■ **Task**:
Reproduce the listing below in full and exactly; no pictures belong in the copy.

■ **Collected material**:
== Segment start ==

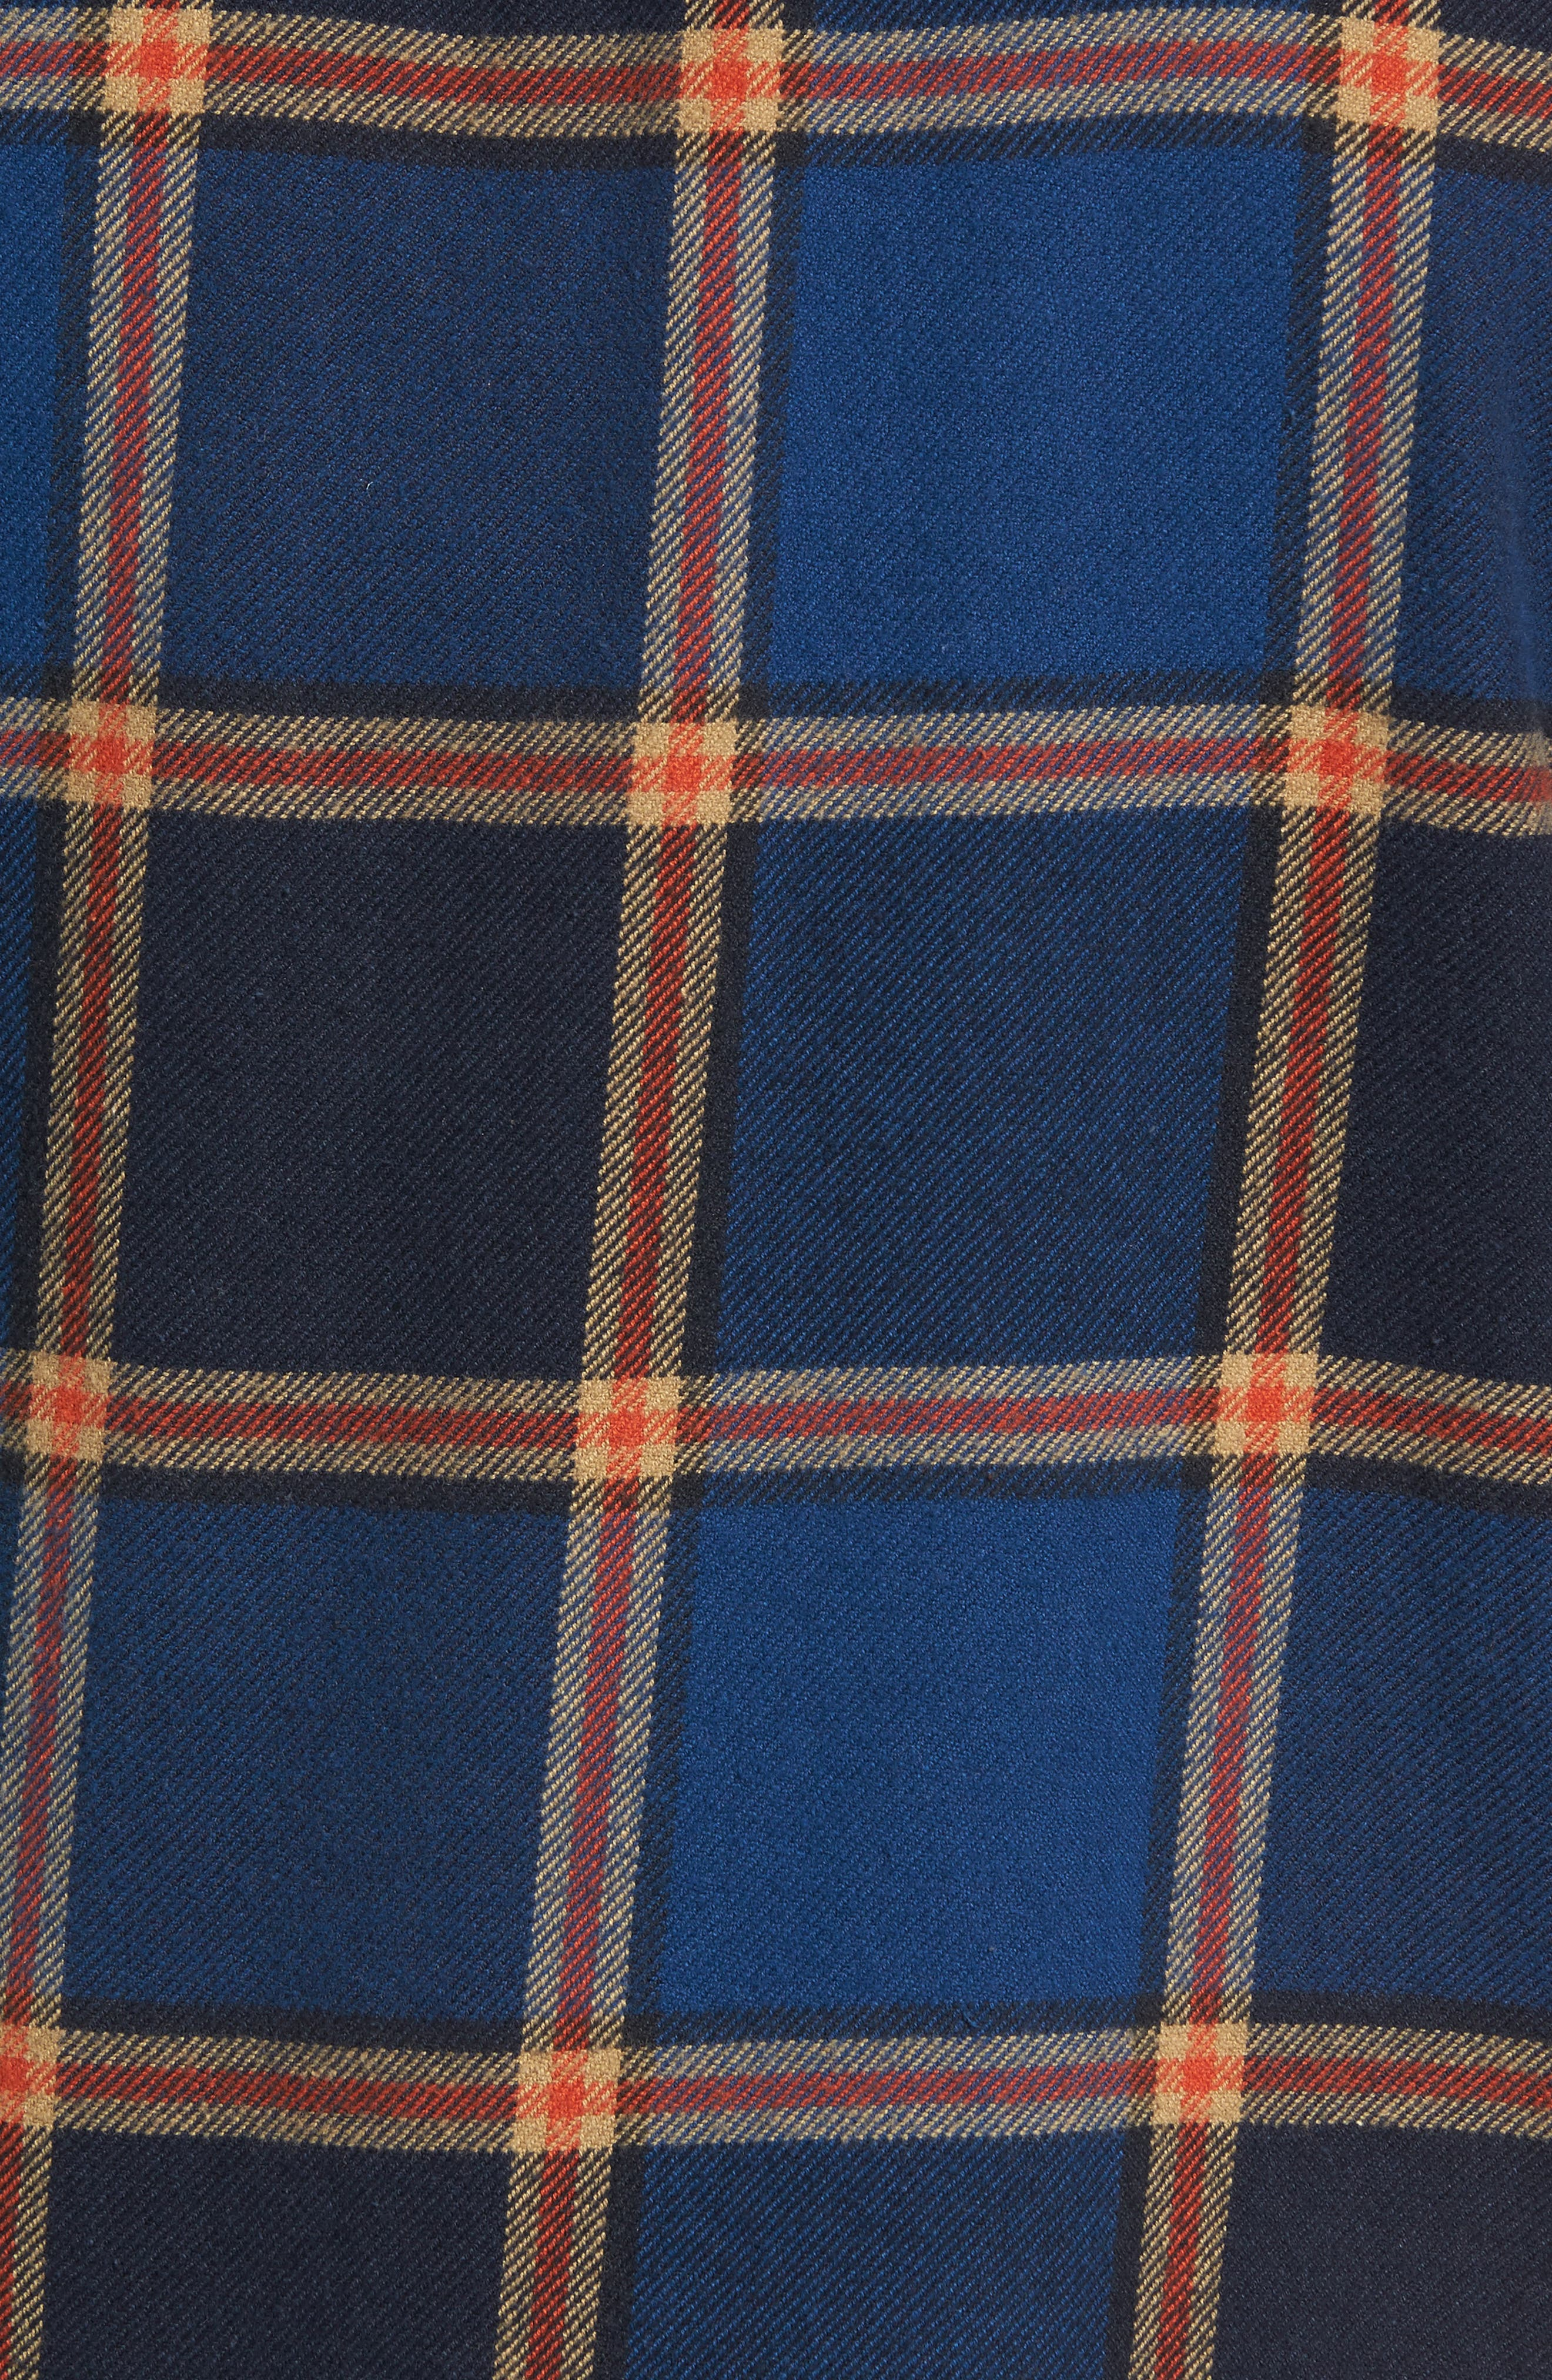 R1 Check Twill Shirt Jacket,                             Alternate thumbnail 5, color,                             410
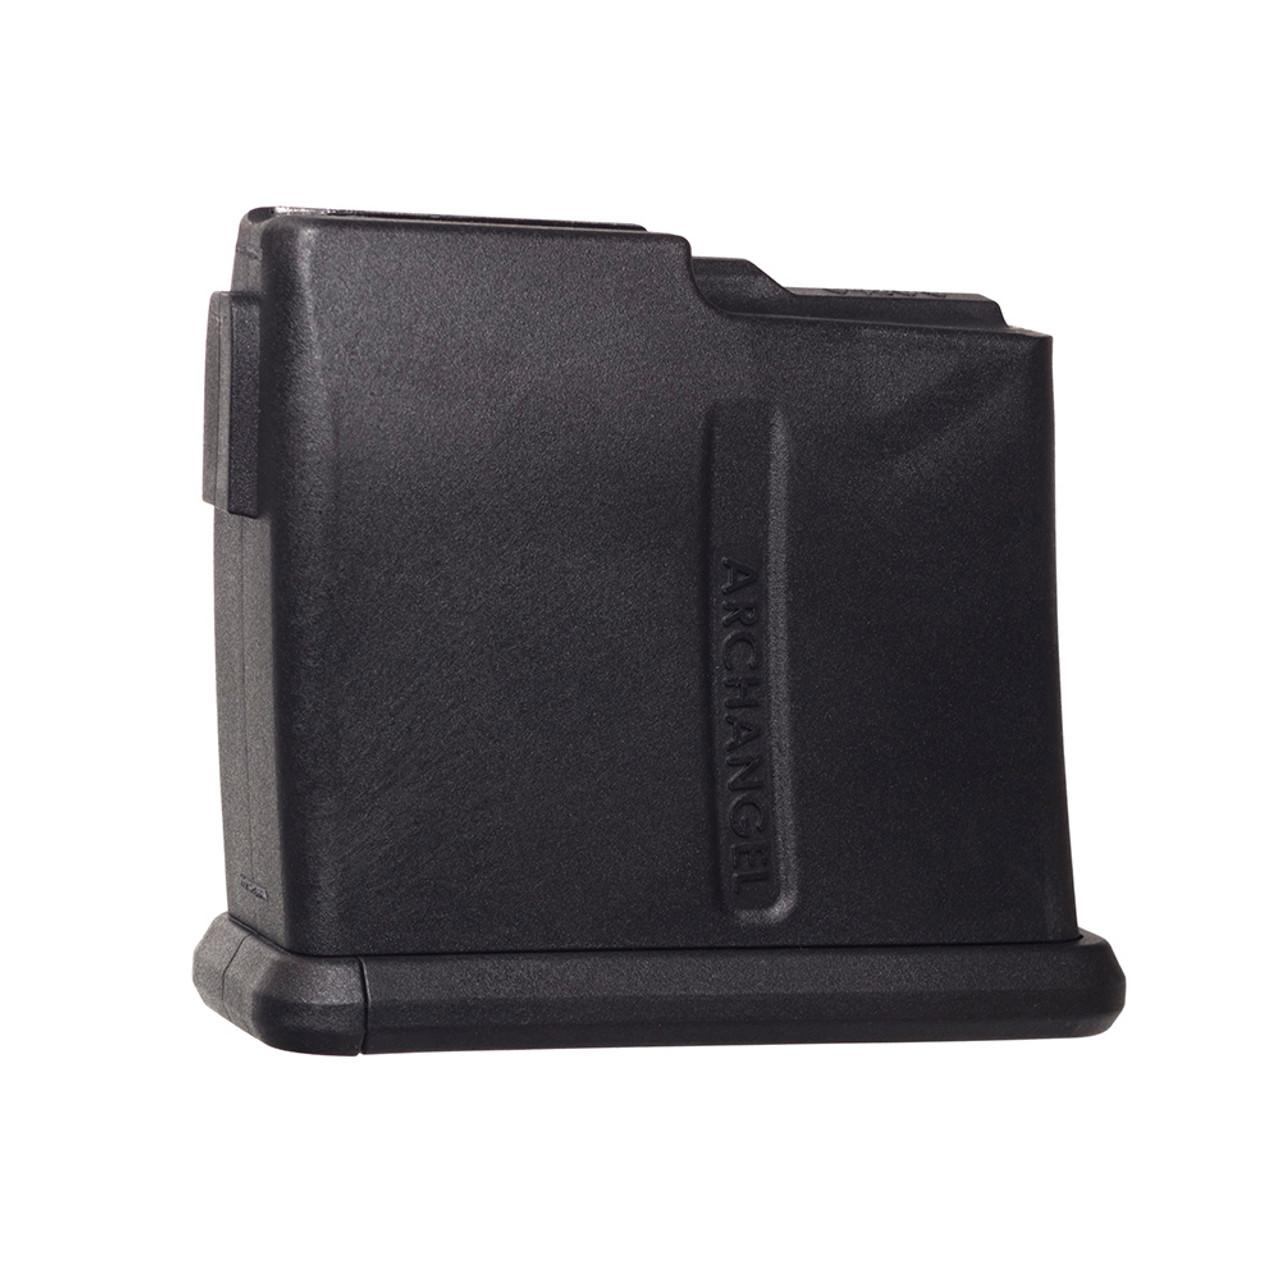 Archangel® Standard Caliber 30-06, .270, 25-06 TYPE C Magazine for AA700SLA & AA1500SLA Stocks (10) Rd - Black Polymer
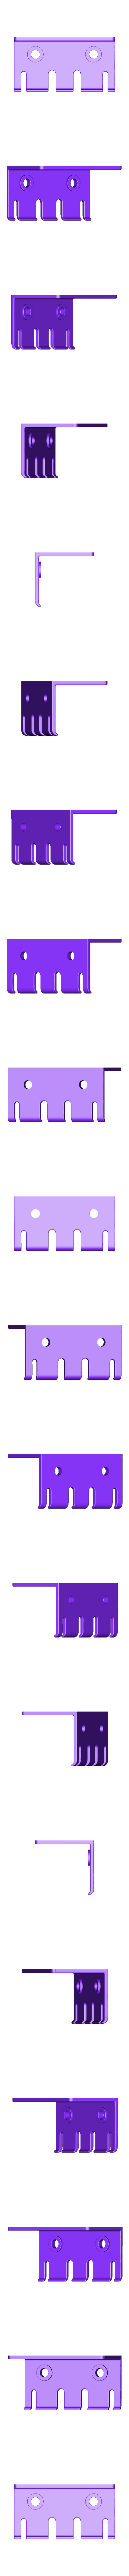 Screws.stl Download free STL file Premium Screwdriver Set 6pcs Wall Mount 060 I for screws or peg board • 3D printing template, Wiesemann1893
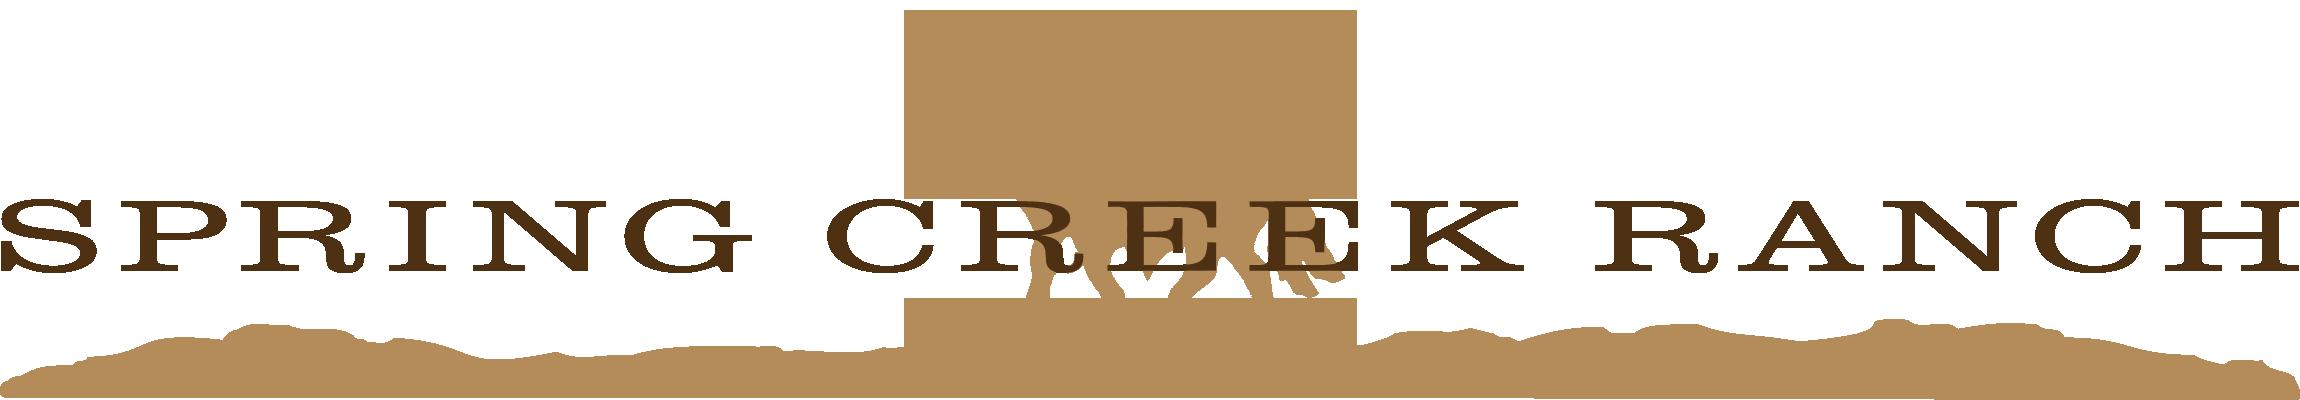 Spring Creek Ranch logo.png

== Segment end ==

■ **Result**:
 R1 Check Twill Shirt Jacket,                             Alternate thumbnail 5, color,                             410
 Archangel® Standard Caliber 30-06, .270, 25-06 TYPE C Magazine for AA700SLA & AA1500SLA Stocks (10) Rd - Black Polymer
 Screws.stl Download free STL file Premium Screwdriver Set 6pcs Wall Mount 060 I for screws or peg board • 3D printing template, Wiesemann1893
 Spring Creek Ranch logo.png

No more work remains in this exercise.